Mignot (2000) afirma que a guarda de documentos de algo vivido também é uma

forma de autobiografar-se. Assim, a escolha de livros, revistas, jornais, cadernos,

fotografias, cartas, papéis avulsos para serem guardados está marcada por uma

intencionalidade de deixar para a posteridade algo que nos represente, como nos vemos

diante da sociedade e/ou como gostaríamos que os outros nos vissem.

Estaria Maria Eulália acreditando que seus impressos poderiam ser revisitados

posteriormente, dando mostras de sua relação com o saber? Por que tão grande

qunatidade de livros e revistas de temáticas diversas foram guardadas por tantas décadas?

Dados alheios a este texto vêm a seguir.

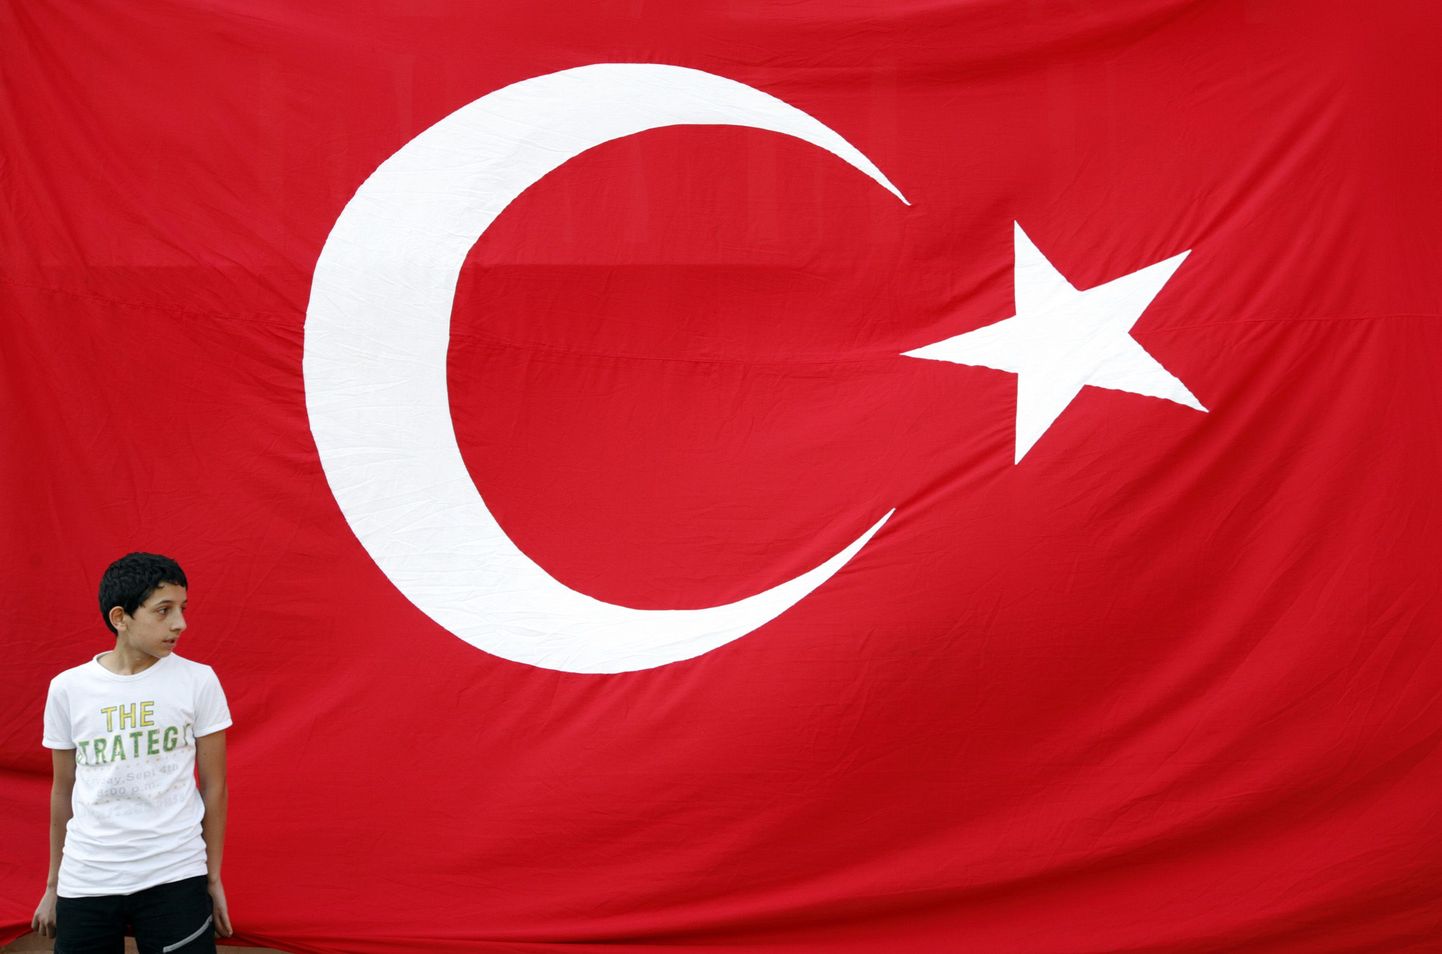 Türgi alustas Euroopa Liiduga liitumisläbirääkimisi 2005. aastal.

Merece destaque, que até esta fase da pesquisa, não foram encontrados neste acervo

nenhum caderno, diário, caderneta ou cartas produzidas pela educadora. Por isso, também

questiona-se qual o sentido da ausência de textos produzidos pela própria educadora. Ou

a prática da leitura não era acompanhada pela escrita? Pode-se pensar numa não

valorização de sua própria escrita em oposição a uma supervalorização do

“conhecimento” registrado por outrem? Será que esses livros e revistas desempenharam a

função de manuais para sua prática pedagógica sem nenhum questionamento por parte da

educadora? São perguntas que os indícios provocam, mas que não se pretende responder

nesta ocasião.

A preservação destes materiais impressos também pode ter ocorrido com a

intencionalidade de “escrever” o percurso de uma vida educacional pública. São

elementos que dão notícia de uma prática educativa que se desenvolveu por várias

décadas do século XX, em espaços educativos diversos na cidade de Guarabira/PB; são

indícios de memória de uma educadora que decide o que dar a conhecer sobre si; são

escritos produzidos por outros sujeitos, mas selecionados pela educadora como material

de leitura, como “marcas” de uma prática que se permite ler. Maria Eulália está

construindo o arquivo de sua vida, como uma forma de não deixar sua memória

extinguir-se.

Sobre a constituição de bibliotecas particulares e as leituras que se pode encontrar

nela, Darton (1992, p. 203) adverte que nem sempre se pode afirmar que a biblioteca

resulta de escolhas e aquisições do seu dono, mas, de alguma forma, pode difundir as

pretensões ou como estas pessoas convivem ou conviveram com seus livros.

Maria Eulália não falou sobre como constituiu sua biblioteca, mas informou que

comprou muitos livros e revistas com recurso próprio.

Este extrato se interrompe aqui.